From 93d4ec9331cb3f2987047155ff4c9a4efa5bf89f Mon Sep 17 00:00:00 2001
From: Beibei Chen <beibei.chen@utsouthwestern.edu>
Date: Tue, 27 Dec 2016 16:08:21 -0600
Subject: [PATCH] deeptools script works

---
 workflow/scripts/runDeepTools.py | 24 ++++++++++++++----------
 workflow/scripts/runDiffBind.R   |  2 +-
 2 files changed, 15 insertions(+), 11 deletions(-)

diff --git a/workflow/scripts/runDeepTools.py b/workflow/scripts/runDeepTools.py
index 091b59f..dad0cec 100644
--- a/workflow/scripts/runDeepTools.py
+++ b/workflow/scripts/runDeepTools.py
@@ -50,22 +50,26 @@ def run_signal(files, labels, genome):
   gene_bed = "/project/BICF/BICF_Core/bchen4/chipseq_analysis/test/genome/"+genome+"/gene.bed"
   bw_commands = []
   for f in files:
-    bw_commands.append("bamCoverage -b "+f+" -o "+f.replace("bam","bw"))

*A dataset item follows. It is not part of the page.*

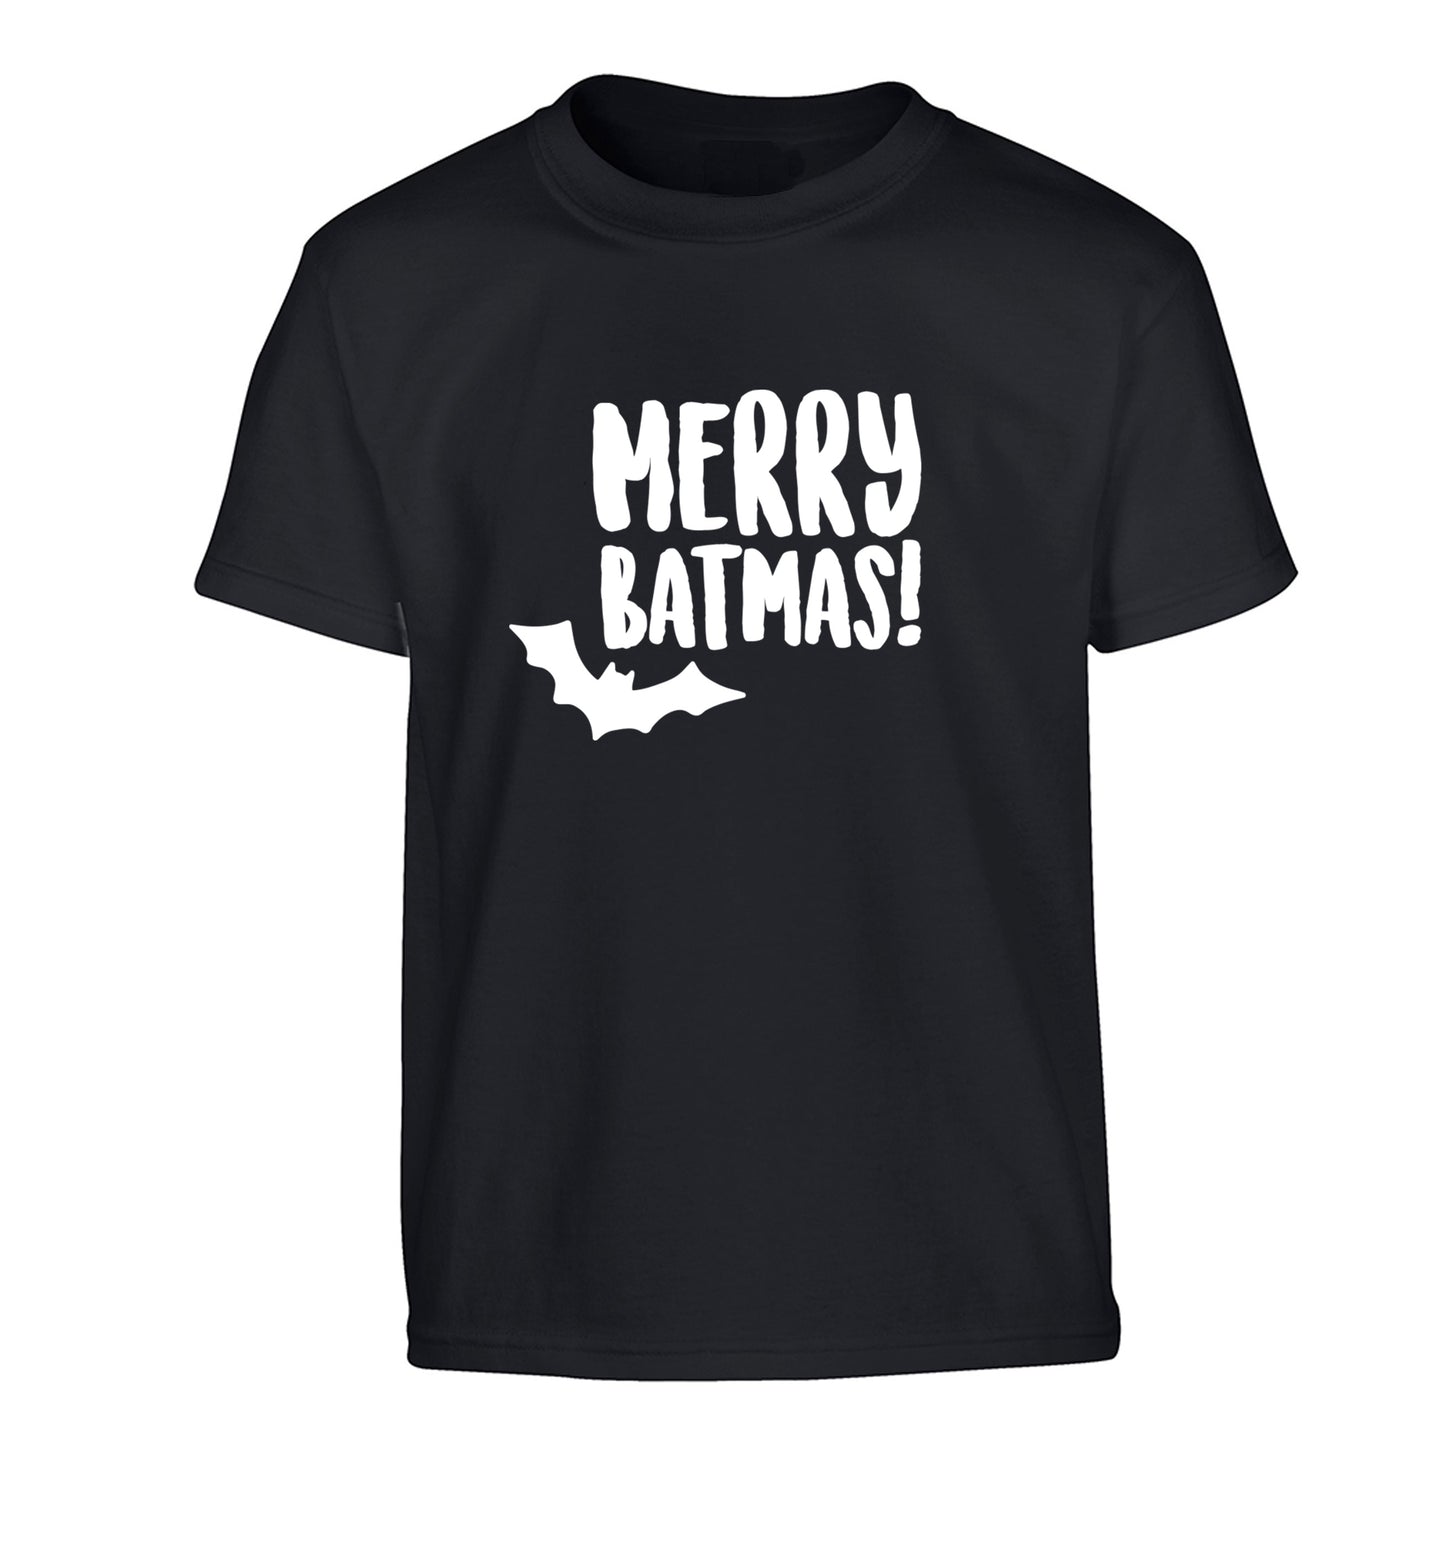 Merry Batmas Children's black Tshirt 12-14 Years
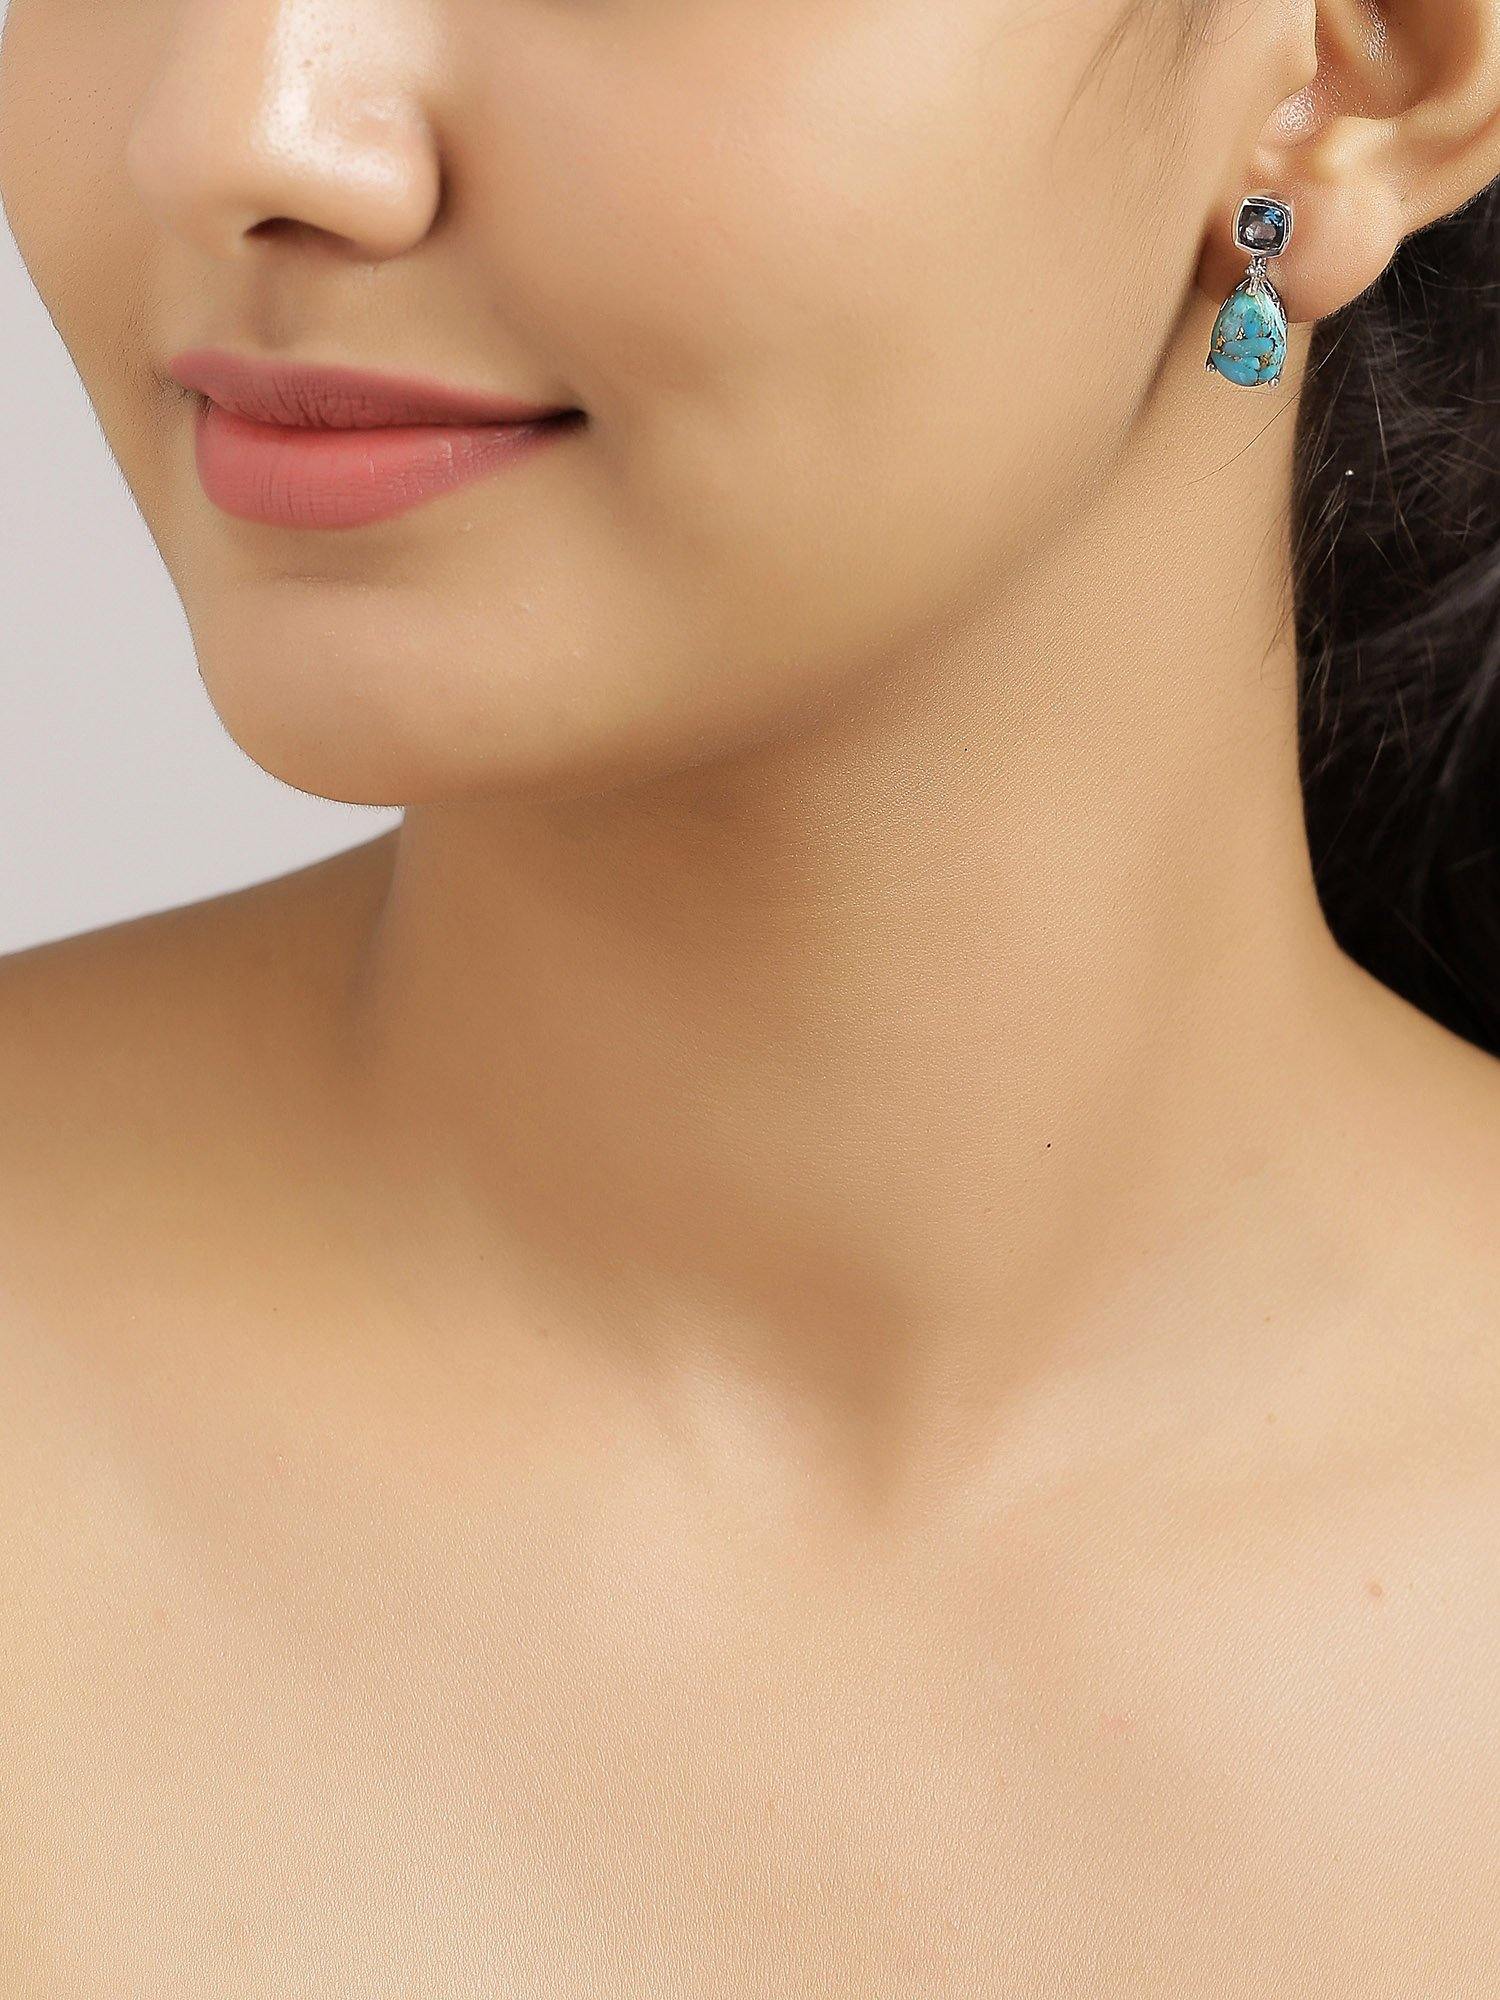 8.24 Ct. Blue Copper Turquoise Solid 925 Sterling Silver Teardrop Dangle Earrings Jewelry - YoTreasure

-  work_pool = Pool(min(len(files), 12))
-  work_pool.map(bam2bw_wrapper, bw_commands)
-  work_pool.close()
-  work_pool.join()
+    bw_commands.append("bamCoverage -bs 10 -b "+f+" -o "+f.replace("bam","bw"))
+  #work_pool = Pool(min(len(files), 12))
+  #work_pool.map(bam2bw_wrapper, bw_commands)
+  #work_pool.close()
+  #work_pool.join()
   
-  #cm_command = "computeMatrix scale-regions "
+  cm_command = "computeMatrix scale-regions -R "+gene_bed+" -a 3000 -b 3000 --regionBodyLength 5000 --skipZeros -S *.bw -o samples.deeptools_generegionscalematrix.gz"
+  p = subprocess.Popen(cm_command, shell=True)
+  p.communicate()
+  hm_command = "plotHeatmap -m samples.deeptools_generetionscalematrix.gz -out samples.deeptools_readsHeatmap.png"
+  p = subprocess.Popen(hm_command, shell=True)
+  p.communicate()  
 
 def run(dfile,genome):
-  #Get annotation address
-  tss_bed = "/project/BICF/BICF_Core/bchen4/chipseq_analysis/test/genome/"+genome+"/tss.bed"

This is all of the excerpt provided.